According to the United States Census Bureau, the CDP has a total area of 1.8 sqmi, all land.

==Demographics==

As of the census of 2000, there were 318 people, 125 households, and 93 families residing in the CDP. The population density was 219.8 PD/sqmi. There were 145 housing units at an average density of 100.2 /sqmi. The racial makeup of the CDP was 64.15% White, 1.26% African American, 1.26% Native American, 0.31% Asian, 29.56% from other races, and 3.46% from two or more races. Hispanic or Latino of any race were 47.80% of the population.

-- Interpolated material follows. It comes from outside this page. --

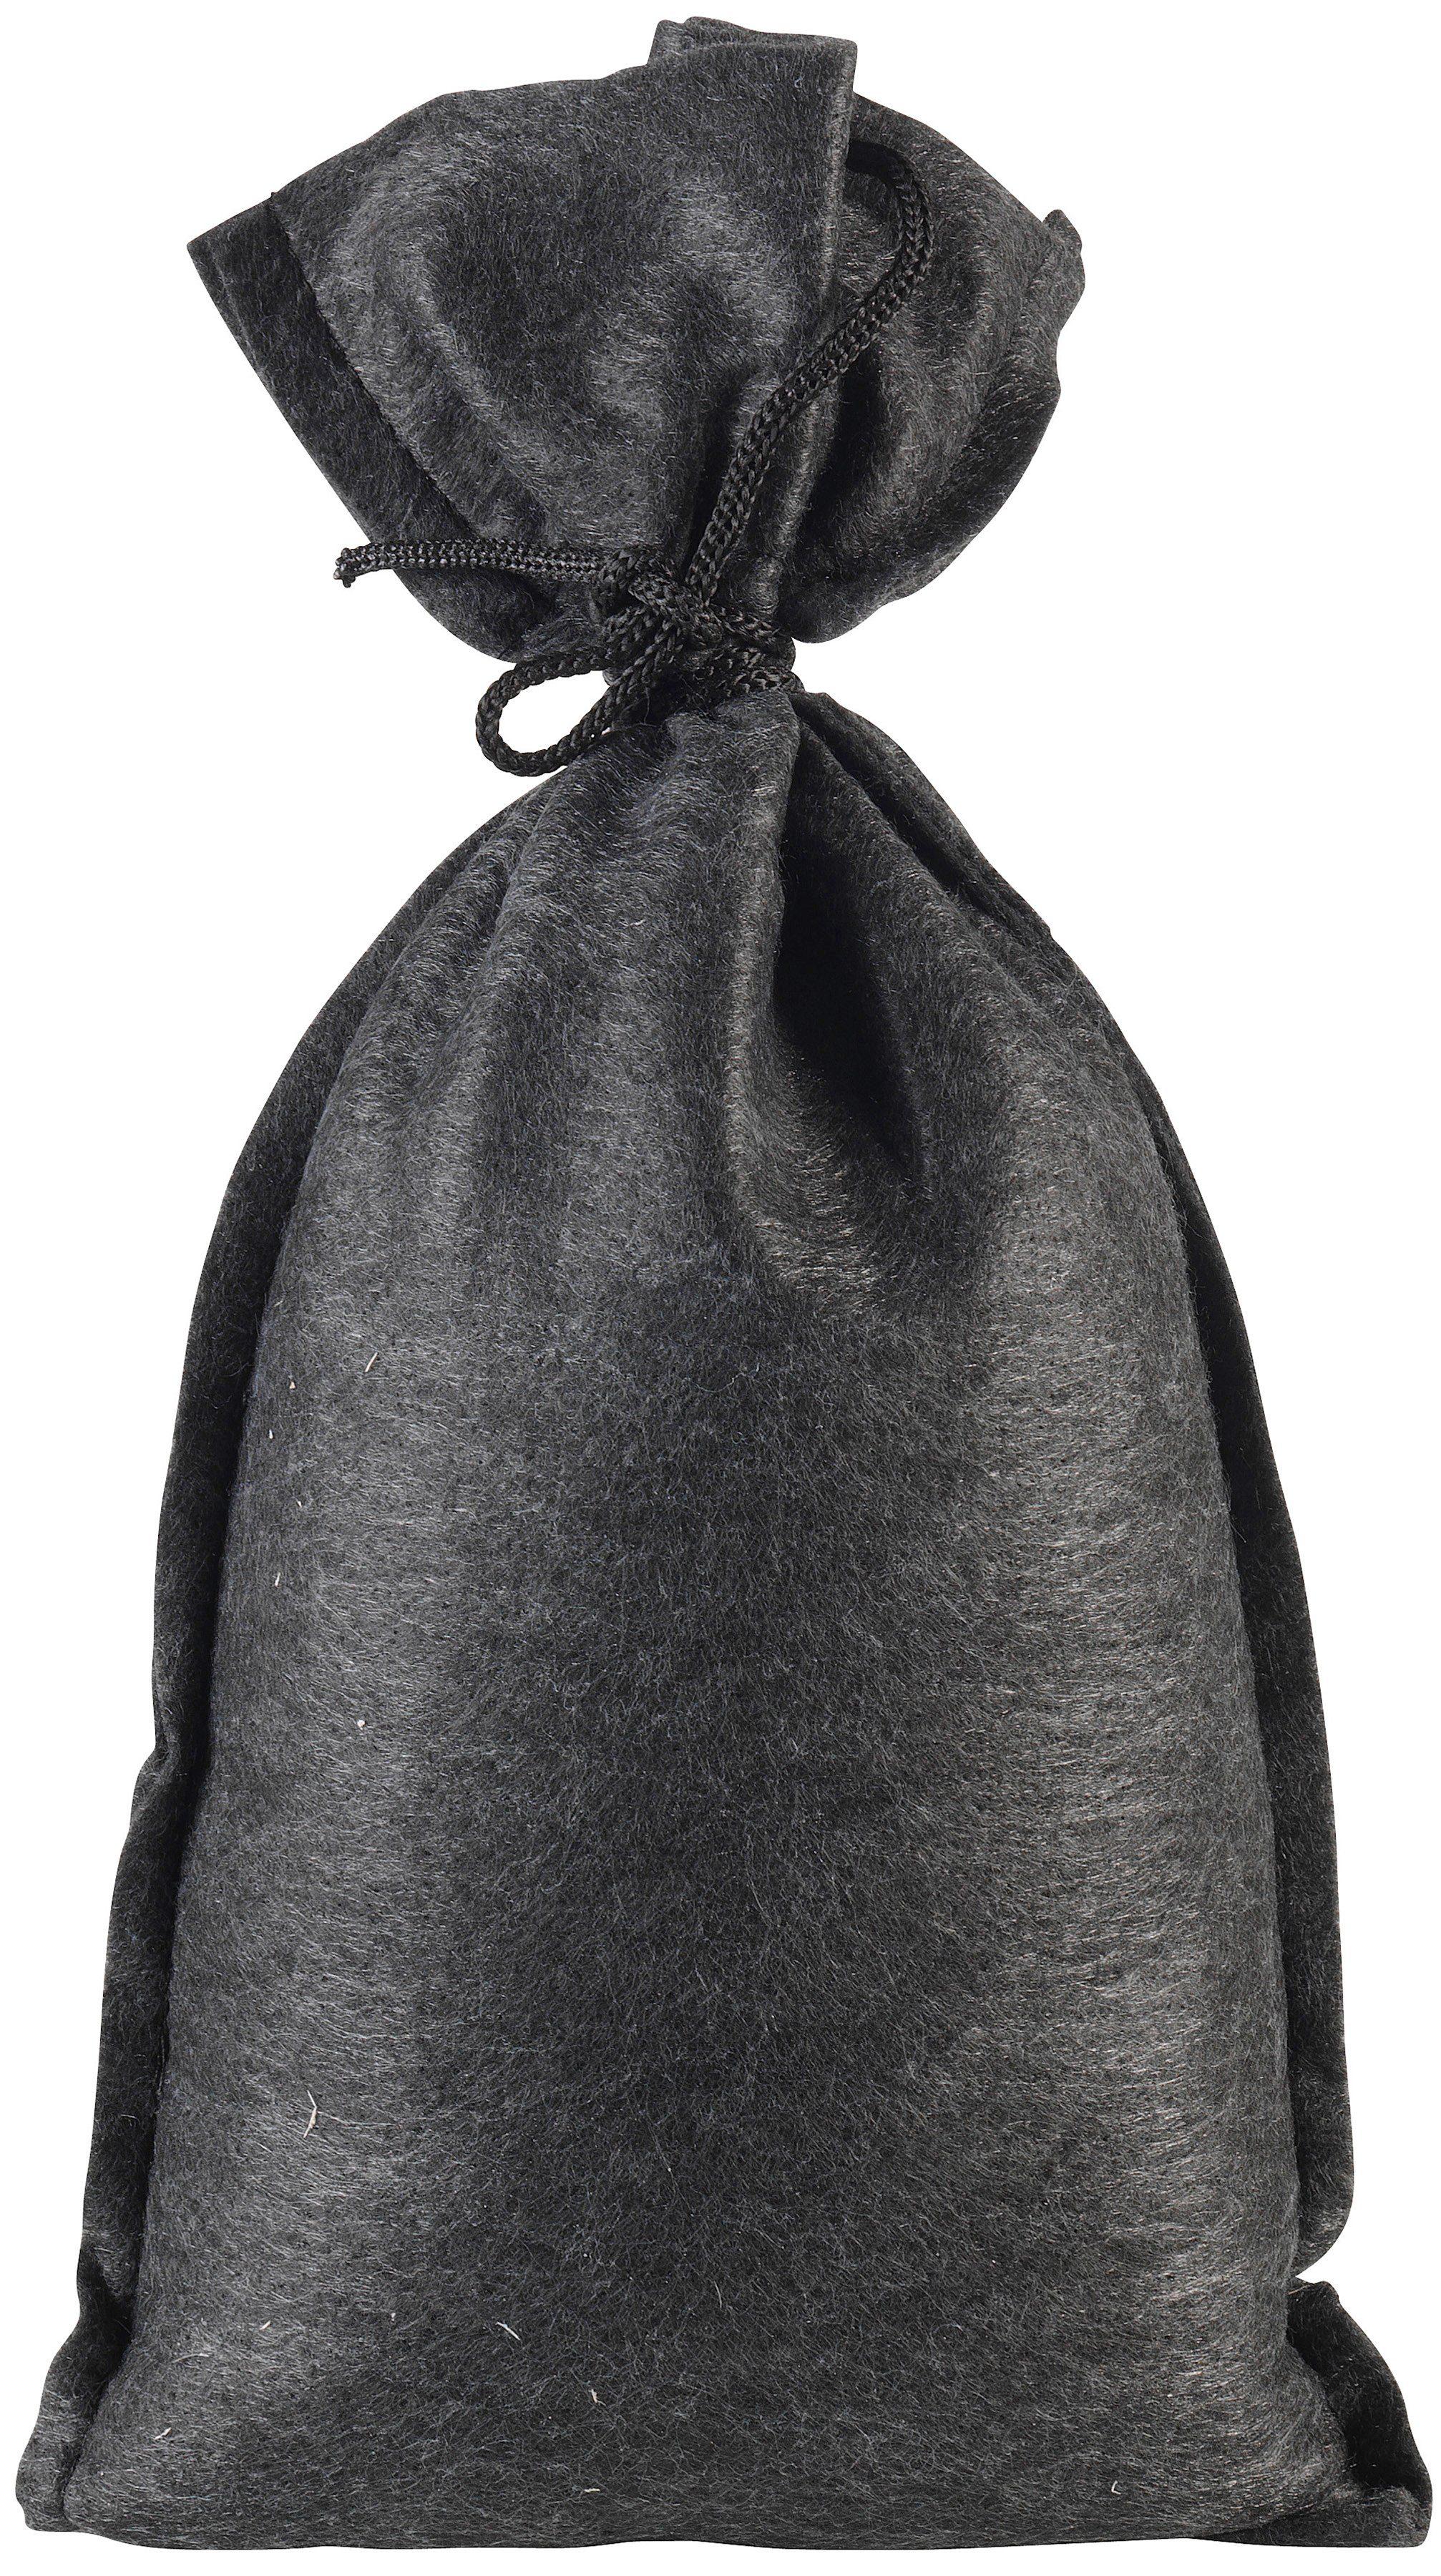 WENKO Luftentfeuchter »Luftentfeuchter-Sack«, 1 kg

There were 125 households, out of which 29.6% had children under the age of 18 living with them, 62.4% were married couples living together, 8.0% had a female householder with no husband present, and 24.8% were non-families. 15.2% of all households were made up of individuals, and 1.6% had someone living alone who was 65 years of age or older. The average household size was 2.54 and the average family size was 2.83.

In the CDP, the population was spread out, with 20.4% under the age of 18, 4.7% from 18 to 24, 29.2% from 25 to 44, 34.9% from 45 to 64, and 10.7% who were 65 years of age or older. The median age was 42 years. For every 100 females, there were 105.2 males. For every 100 females age 18 and over, there were 99.2 males.

The median income for a household in the CDP was $59,231, and the median income for a family was $58,077. Males had a median income of $60,833 versus $25,179 for females. The per capita income for the CDP was $26,915. About 22.1% of families and 12.1% of the population were below the poverty line, including none of those under age 18 and 25.0% of those age 65 or over.

Historical population
| Census | Pop. | Note | %± |
| 2020 | 349 |  | — |
U.S. Decennial Census

==Education==
It is within Santa Fe Public Schools.